Does there exist any type of easy to follow quick start guide for using one of the docker images for basic translation setup?

magali-joine · September 4, 2019, 12:54am

Does there exist any type of easy to follow quick start guide for using one of the docker images for basic translation setup? A step by step from start to finish using a local file system with sample data, minimal steps.

Background: I have sentence aligned corpus in Cherokee and English (mostly biblical) that I was previously experimenting with in Moses, but as Moses is EOL, have decided to look for an alternative. I am not a native speaker of Cherokee, but a student, looking to test out various translation approaches with Cherokee, such char2char or sub-word, but lack a step by step starting point for the docker images for basic translations like I was previously following for Moses.

Data: A combination of sources, much being the new testament, plus some programmatically conjugated entries based on the regular rule structure of Cherokee. A good portion of part of the corpus is poorly aligned at the sentence level and is more paragraph aligned. The corpus is spread out across multiple files.
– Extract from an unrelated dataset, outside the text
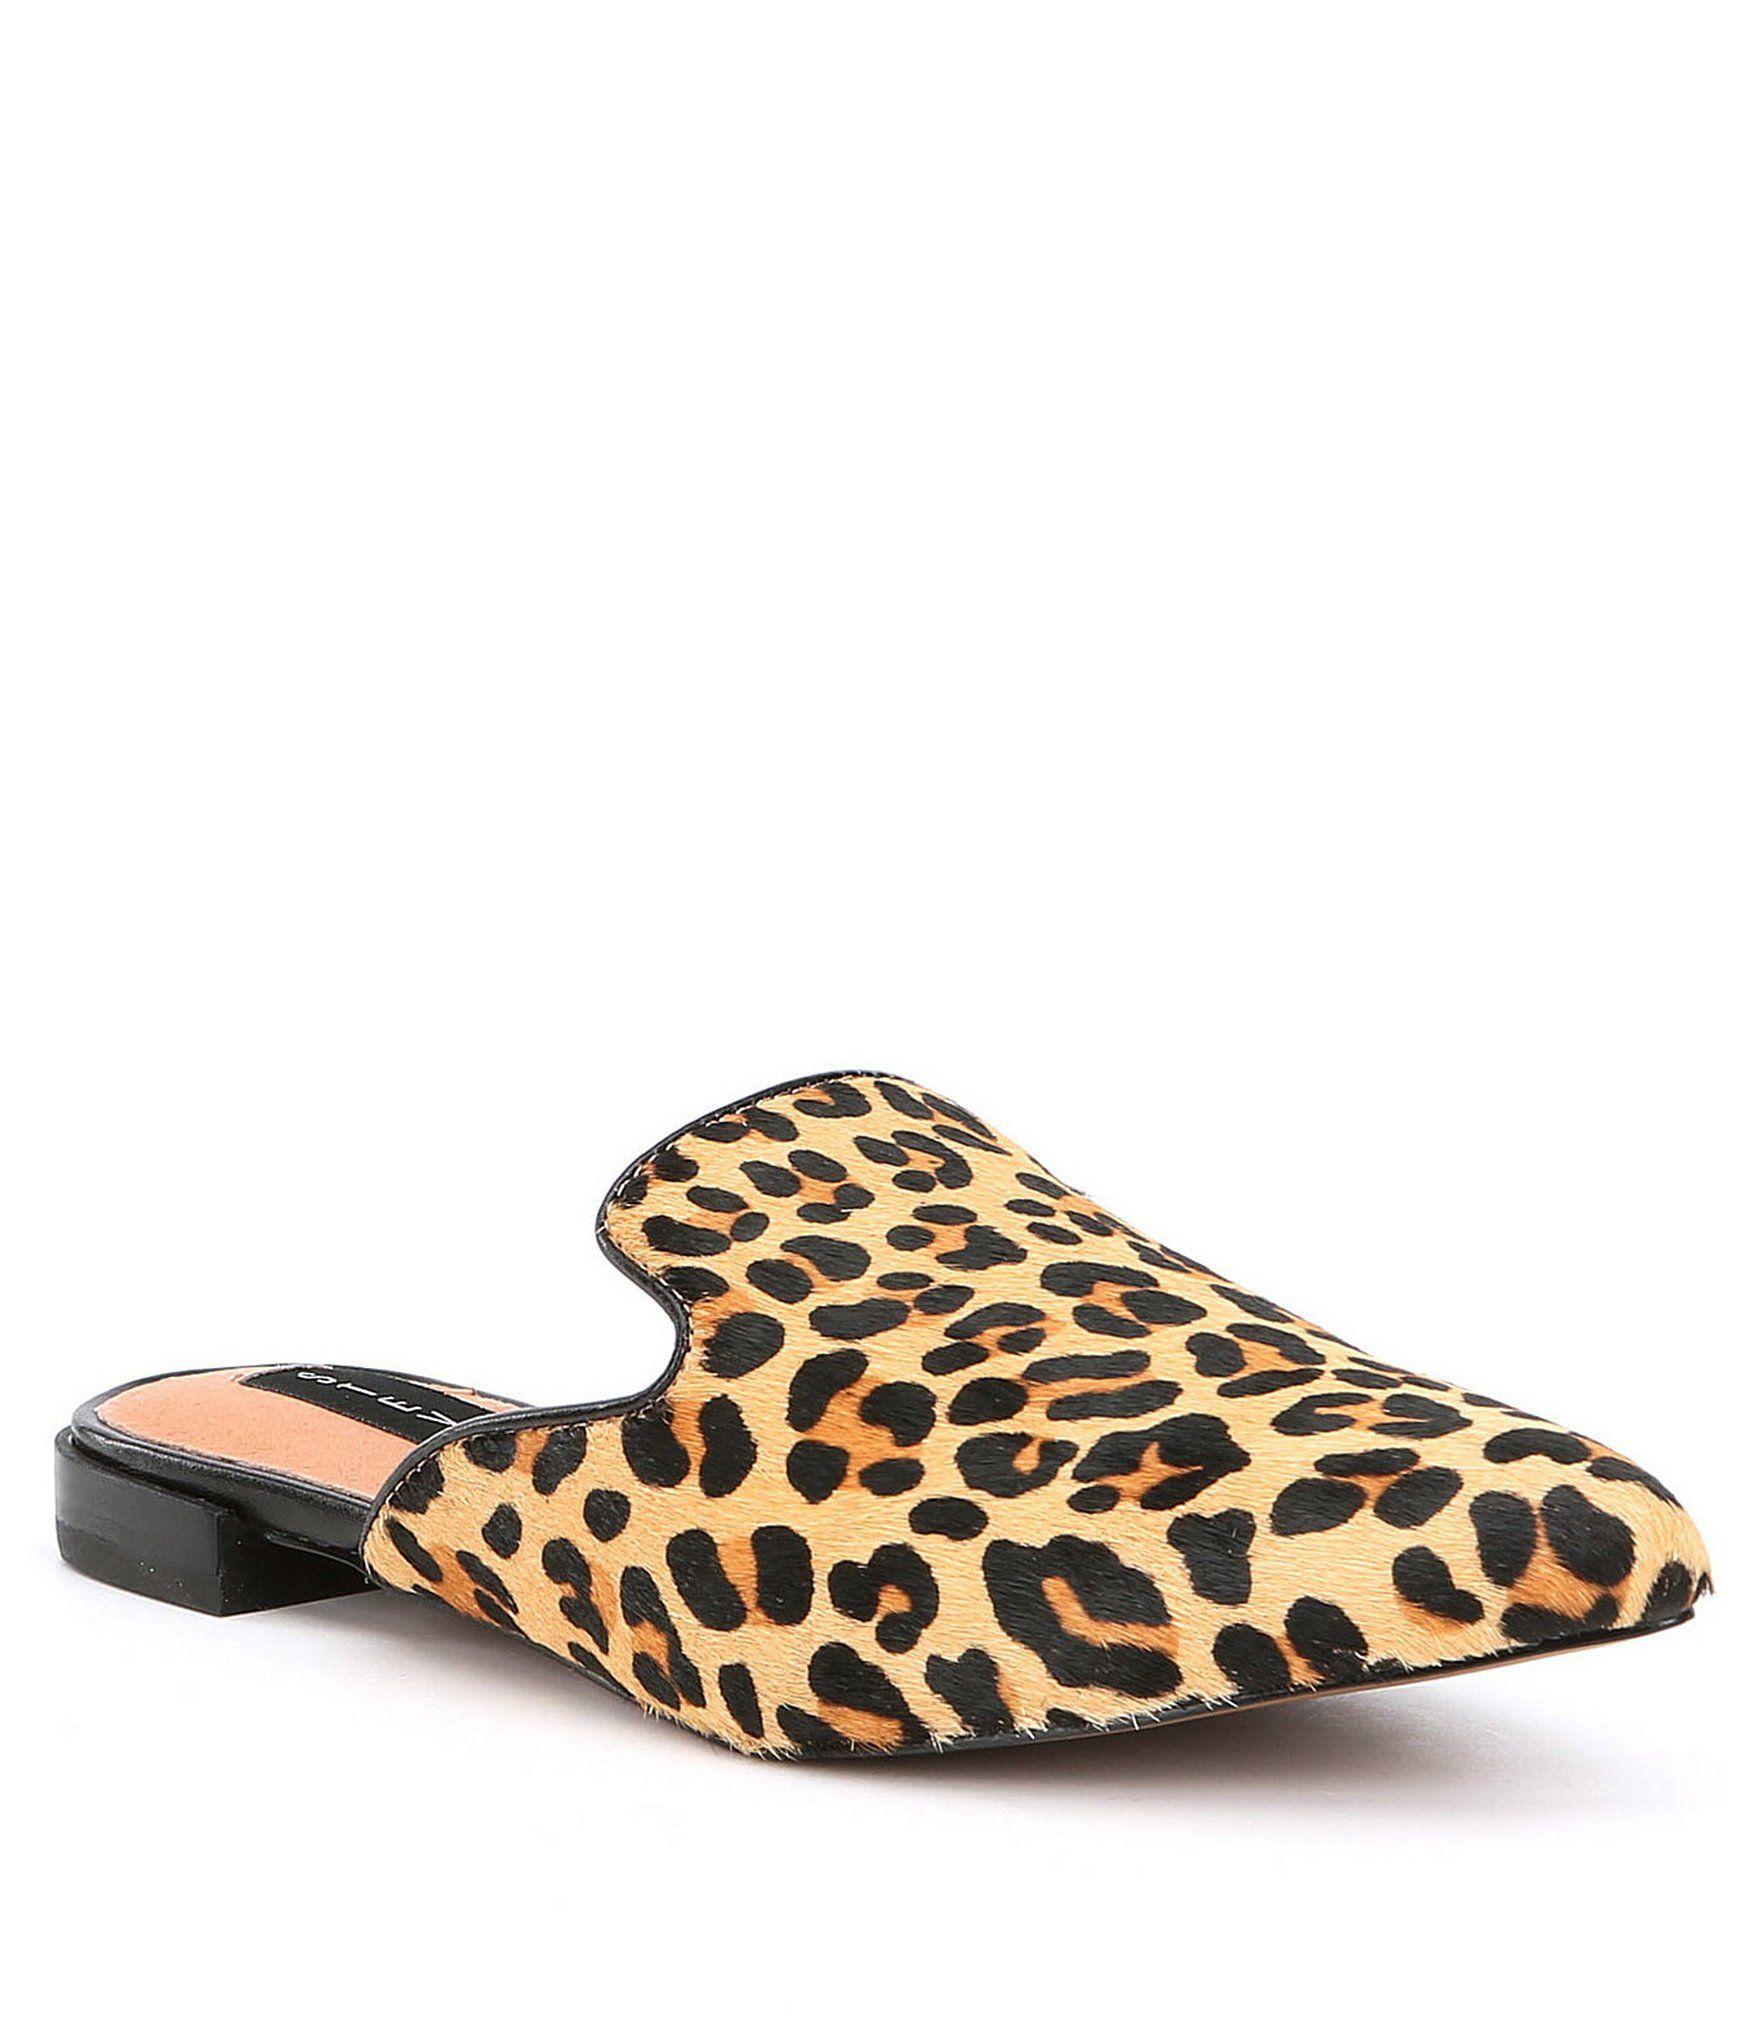 Leopard shoes, Leopard print flats

There does not exist test data or validation data. https://github.com/CherokeeLanguage/CherokeeEnglishCorpus

Goals: [1] Attempting translations from non-training text. [2] Build a vocabulary/dictionary phrase “list” for manual examination and review, especially useful when trying to determine and understand idiomatic expressions.

I do have docker installed and am running on Mint Mate.
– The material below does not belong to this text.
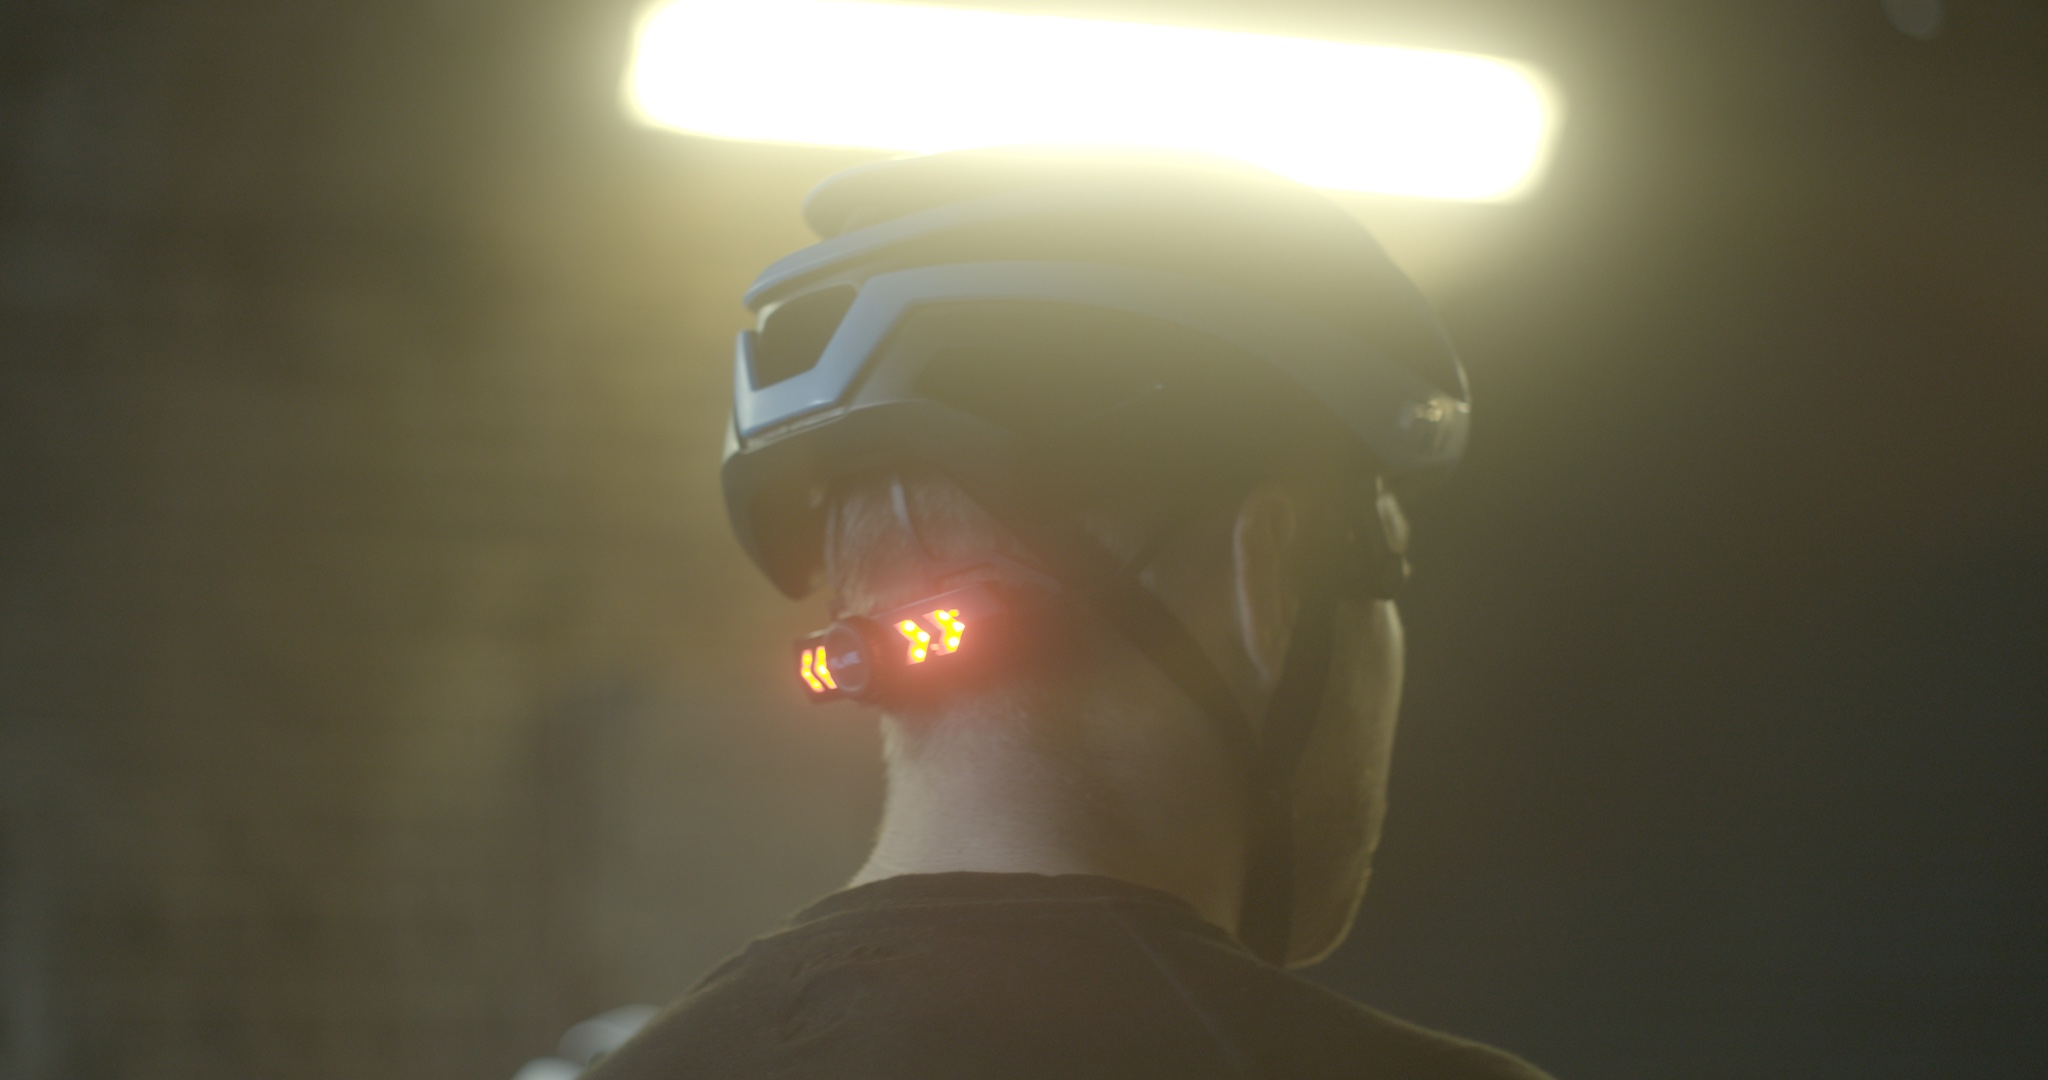 This 'Smart' Bike Helmet Has a Bluetooth Speaker & Automatic

The command “docker run nmtwizard/opennmt-tf -h” does complete successfully.
My attempts at Googling have been unfruitful, I assume to not using the correct search terms, or Google just be evil to me.
I will be using CPU and not GPU for the processing.
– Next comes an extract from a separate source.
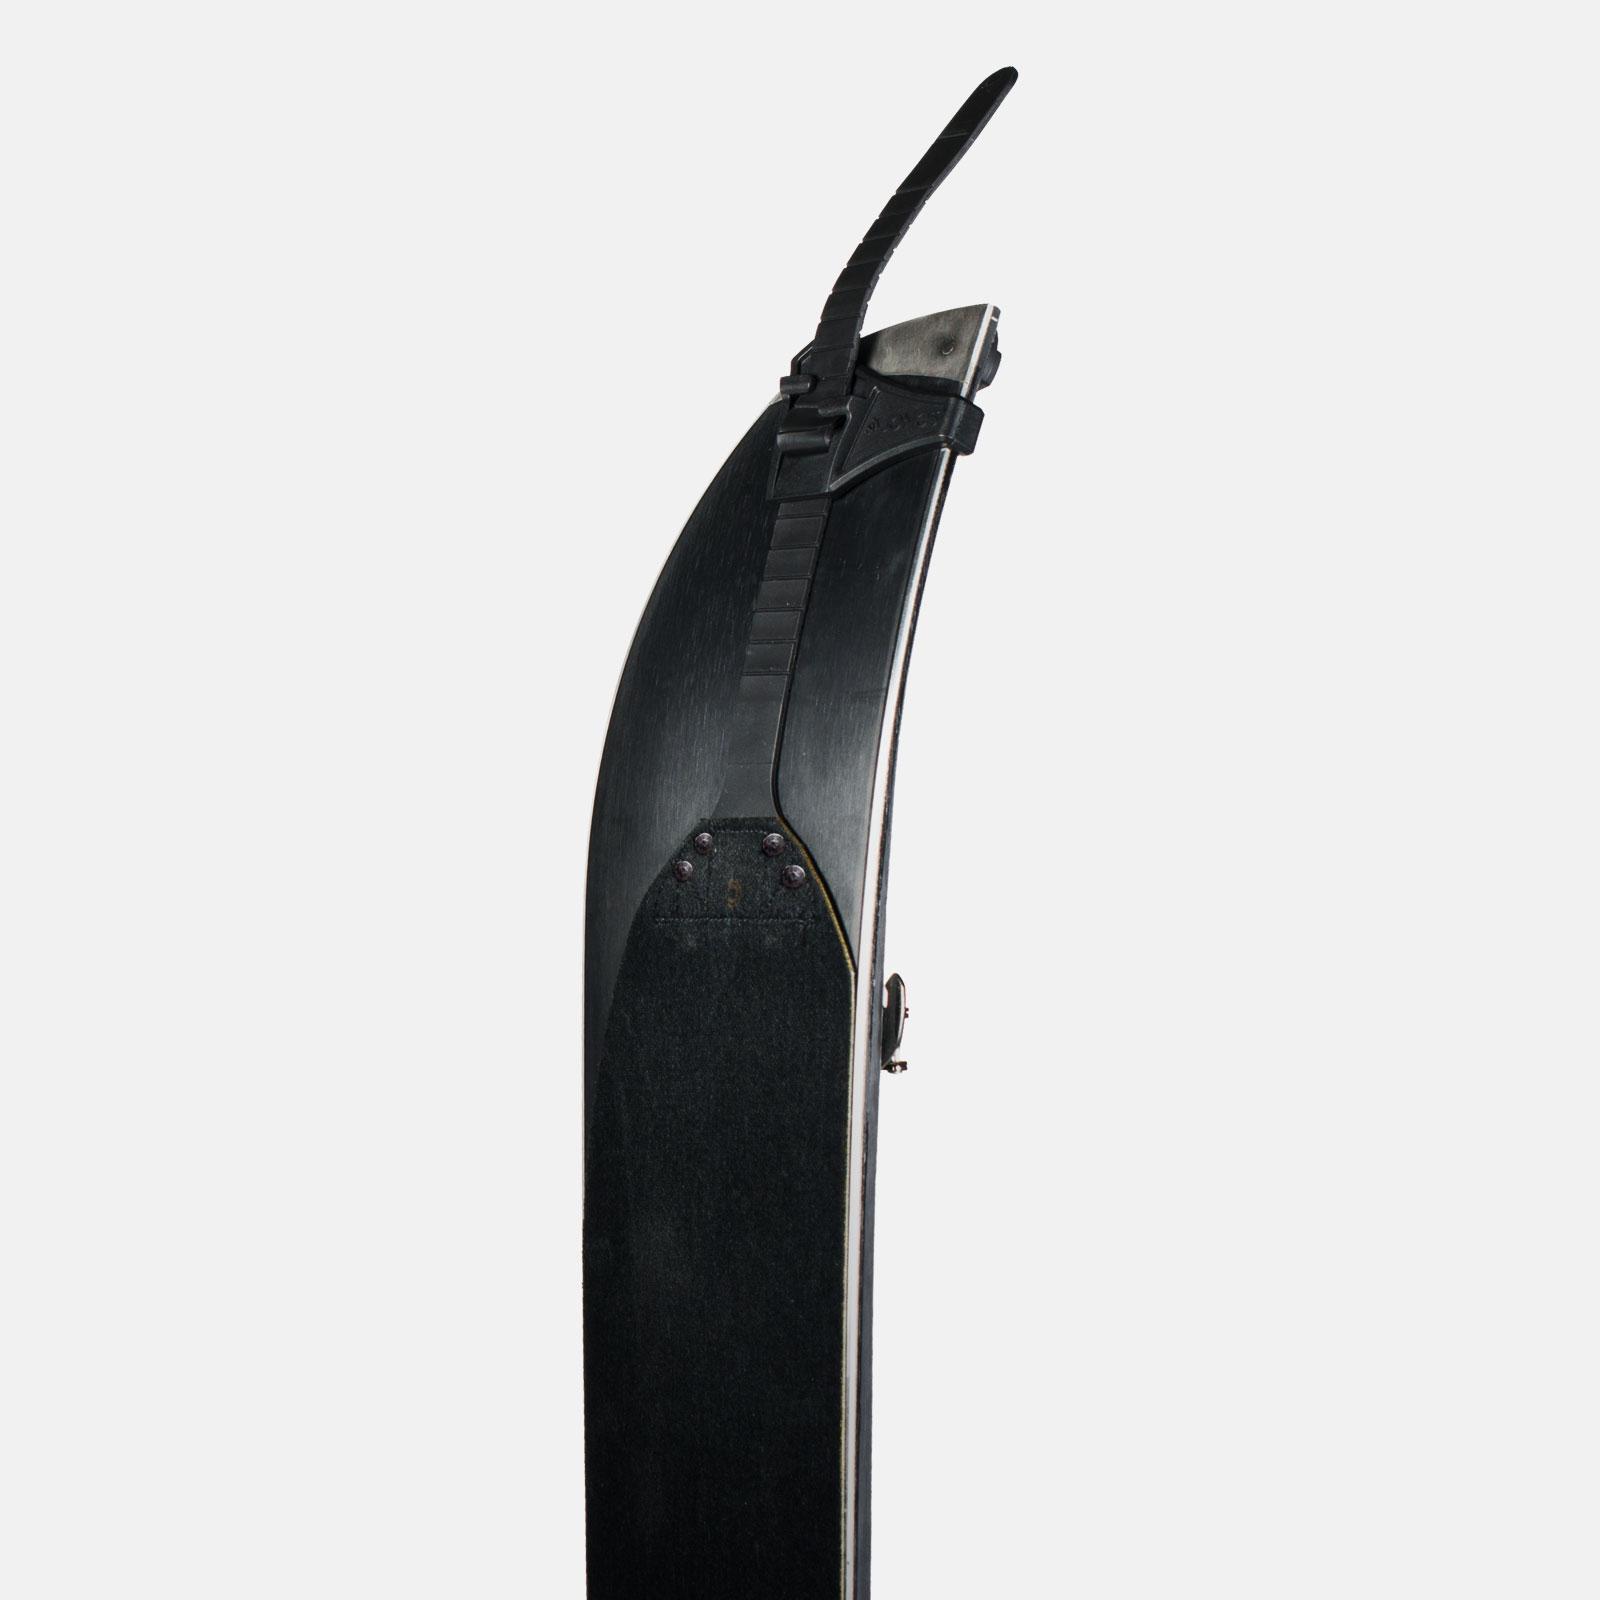 Universal-tail-clip-photo.jpg

yaren · September 4, 2019, 2:33pm

As my experience, OpenNMT is vey easy to learning.
You can follow the quick stark here (python version):
http://opennmt.net/OpenNMT-py/quickstart.html

If you just use CPU, The training is very very very slowly.
So I suggest you to buy a GPU, even GTX1060 will be good enough for learning NMT.
About GPU for NMT, you can see this blog: https://timdettmers.com/2019/04/03/which-gpu-for-deep-learning/

magali-joine · September 5, 2019, 1:22am

So… how do I follow those instructions with a docker image?

All I see in reference to docker is:

Alternatively you can use Docker to install with nvidia-docker . The main Dockerfile is included in the root directory.

guillaumekln · September 10, 2019, 10:16am

You probably want to search for Docker tutorials online.